## WORK TASK:
Transcribe the listing exactly as written. Leave the images out.

## COLLECTED DATA:
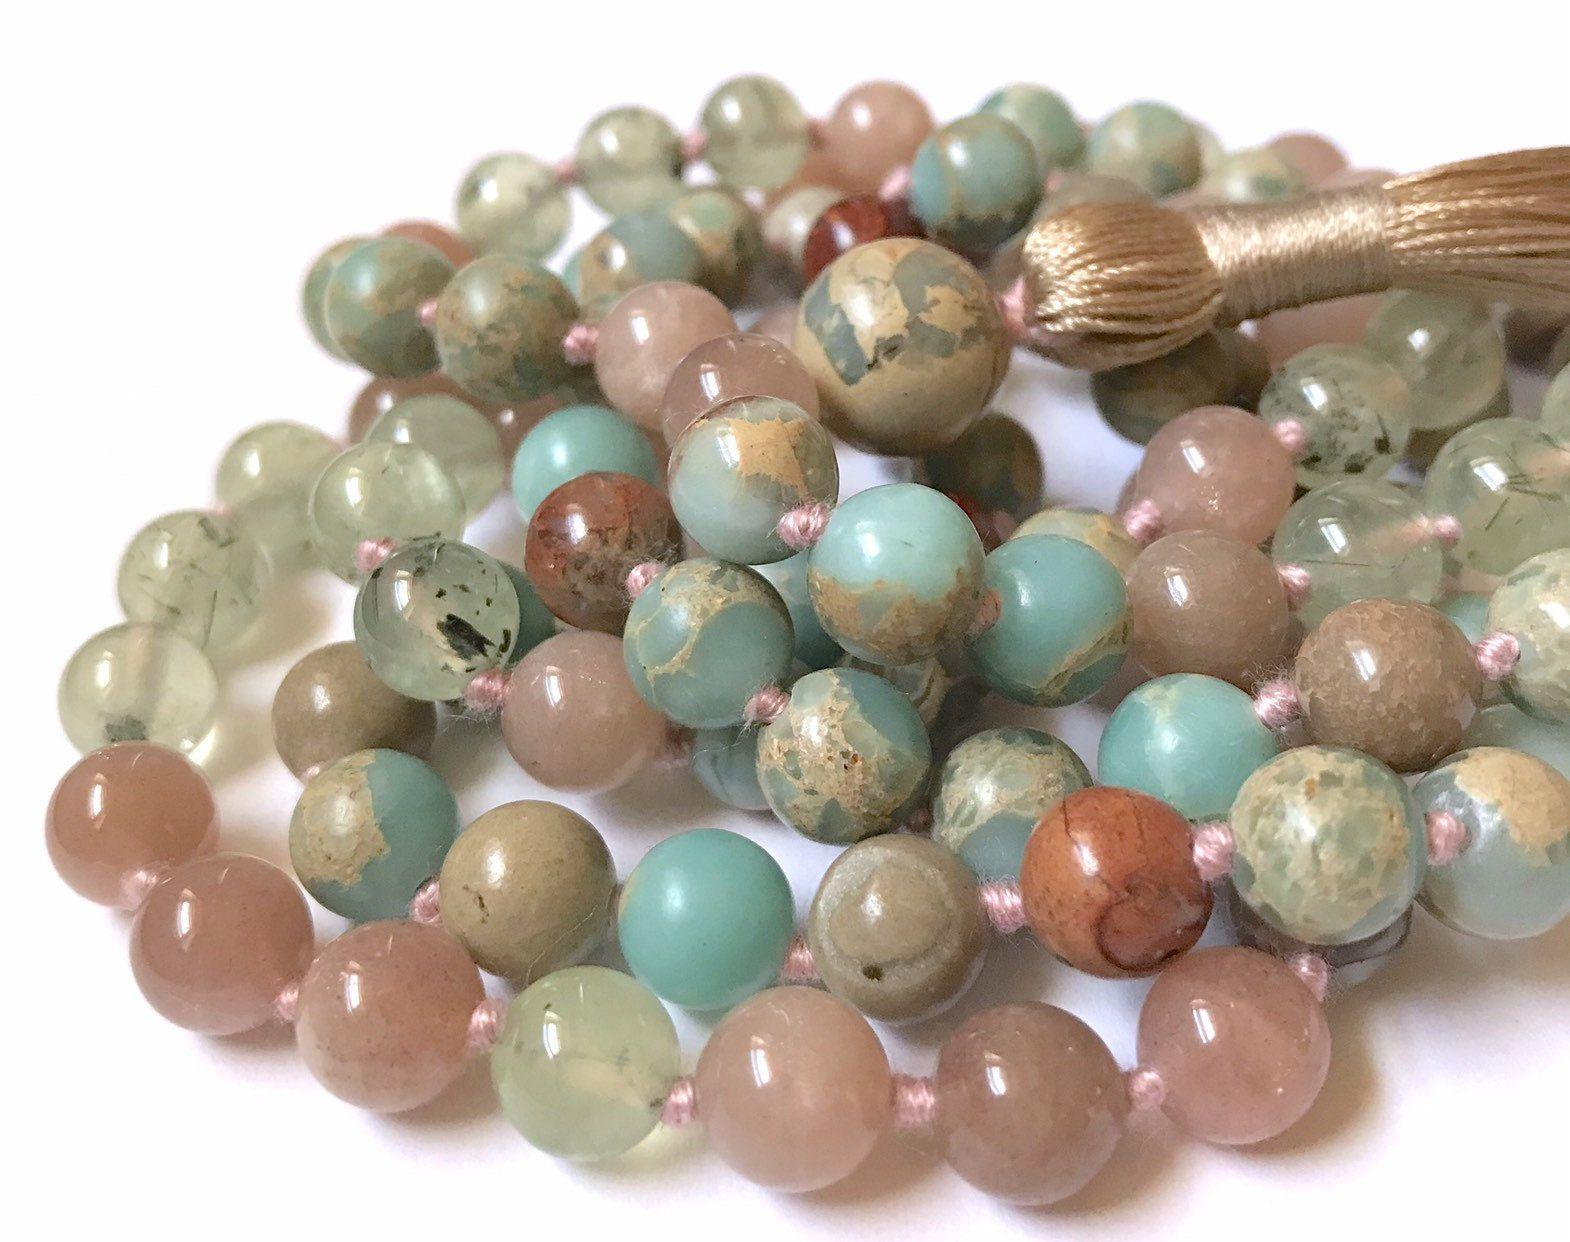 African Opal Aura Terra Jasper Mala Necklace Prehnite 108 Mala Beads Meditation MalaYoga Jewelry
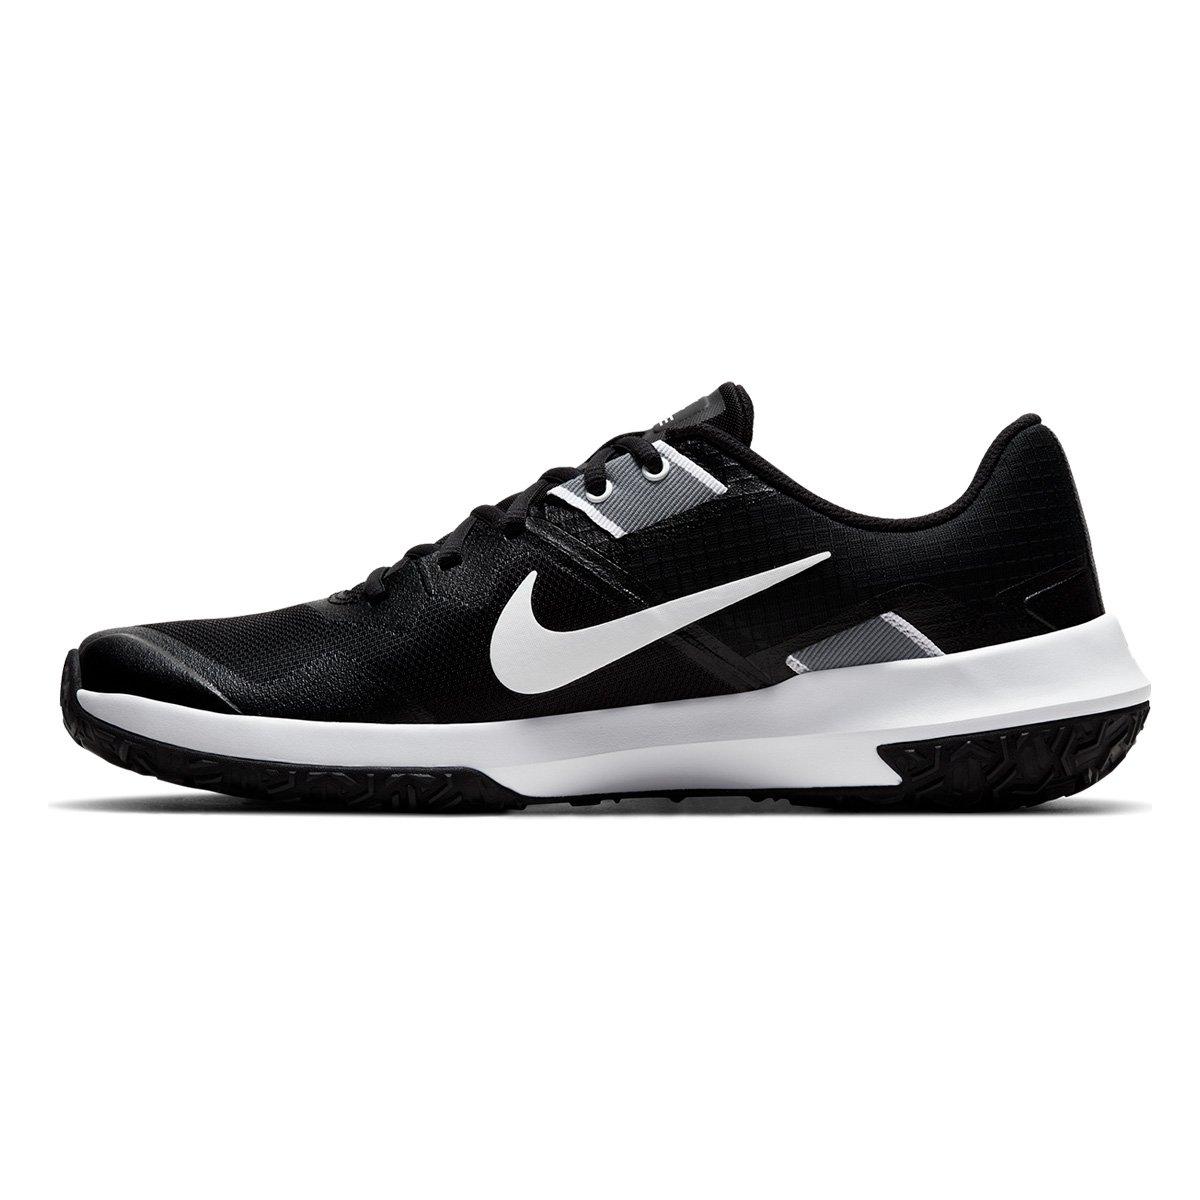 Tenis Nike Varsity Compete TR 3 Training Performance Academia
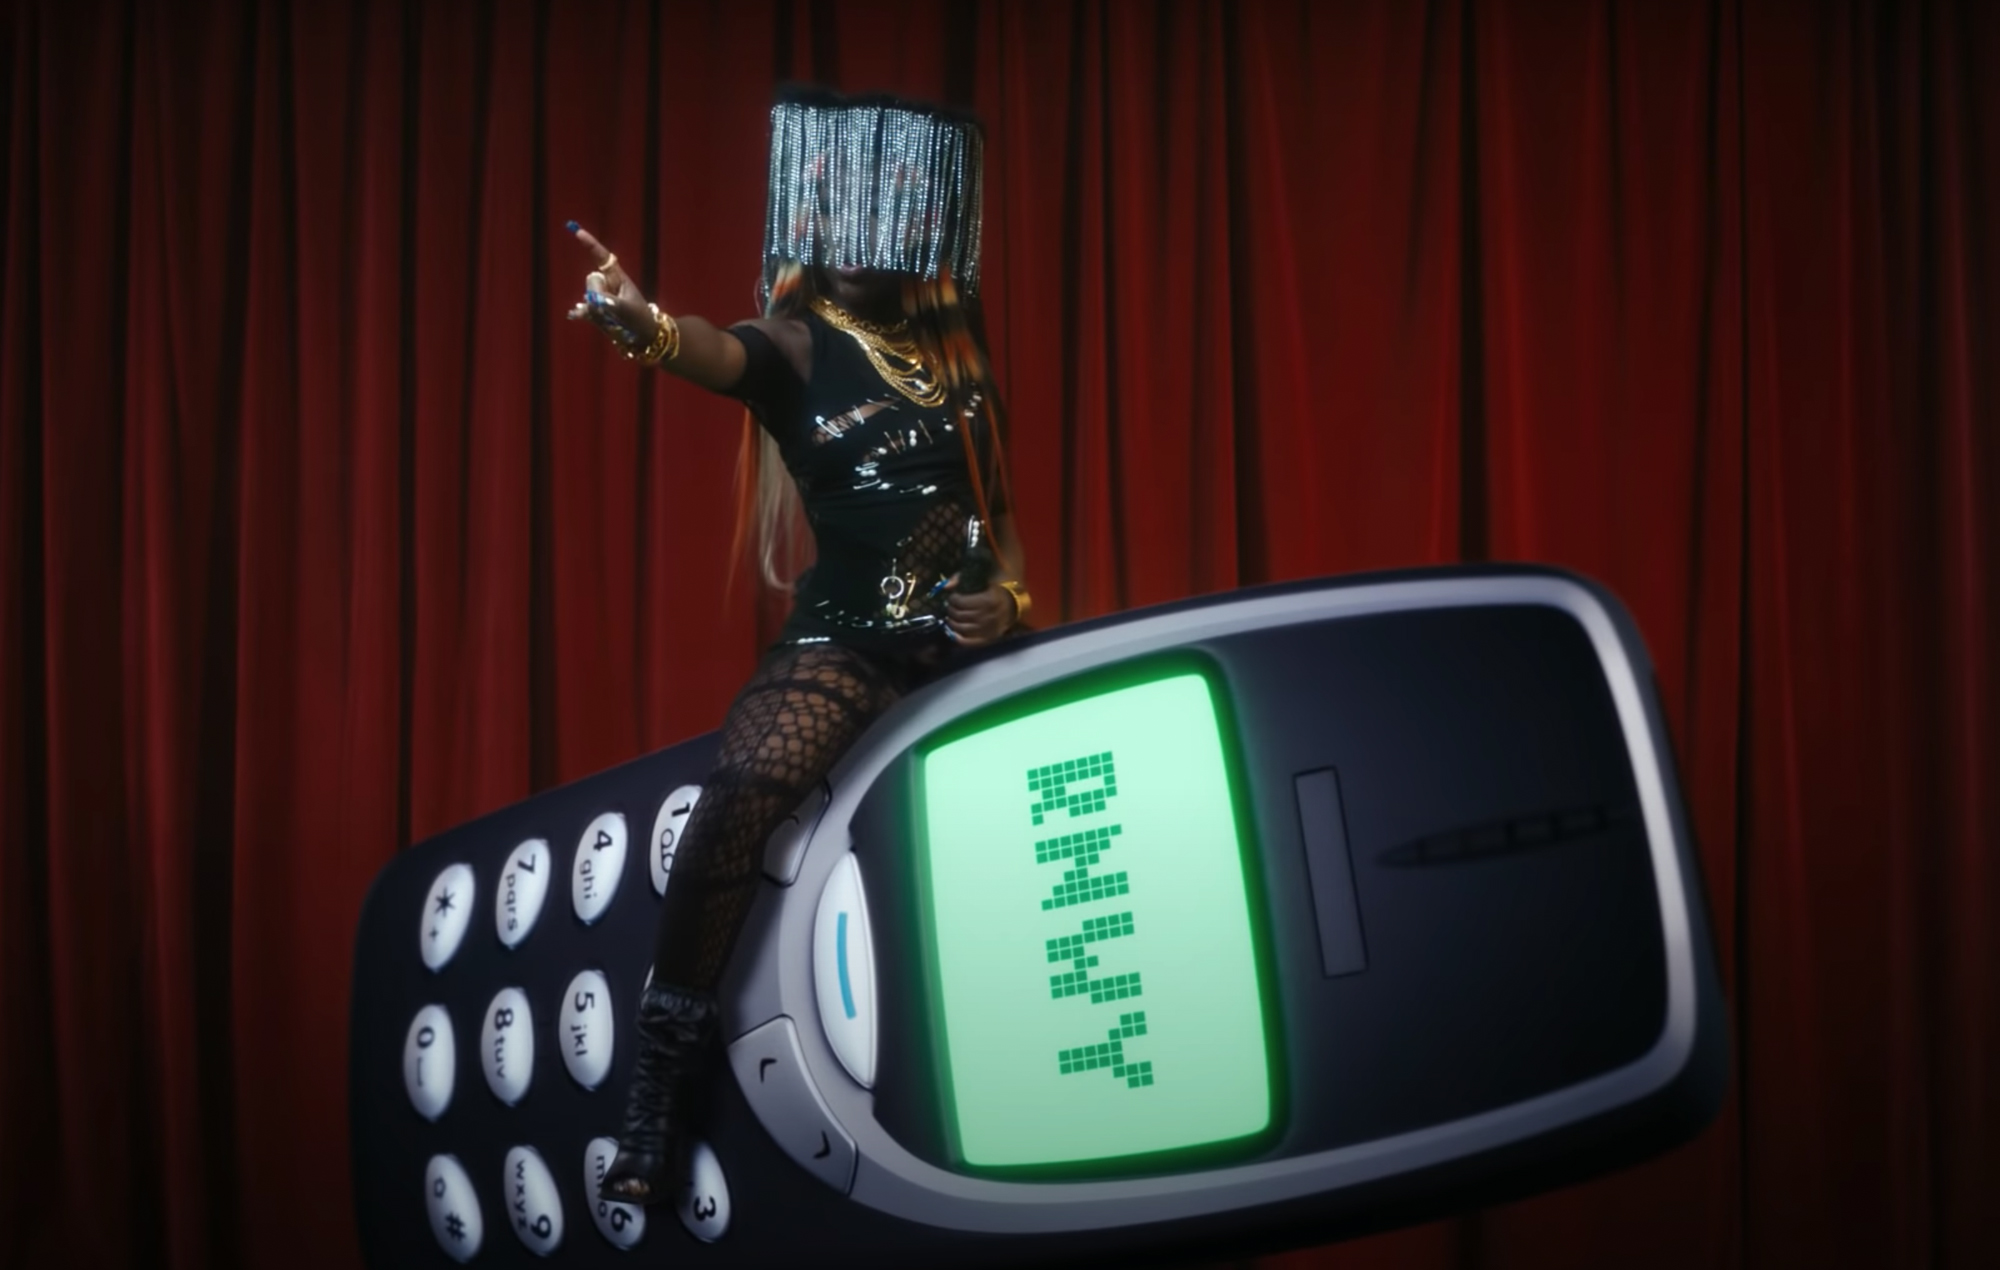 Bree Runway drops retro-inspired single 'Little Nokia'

## EXPECTED OUTPUT:
 African Opal Aura Terra Jasper Mala Necklace Prehnite 108 Mala Beads Meditation MalaYoga Jewelry
 Tenis Nike Varsity Compete TR 3 Training Performance Academia
 Bree Runway drops retro-inspired single 'Little Nokia'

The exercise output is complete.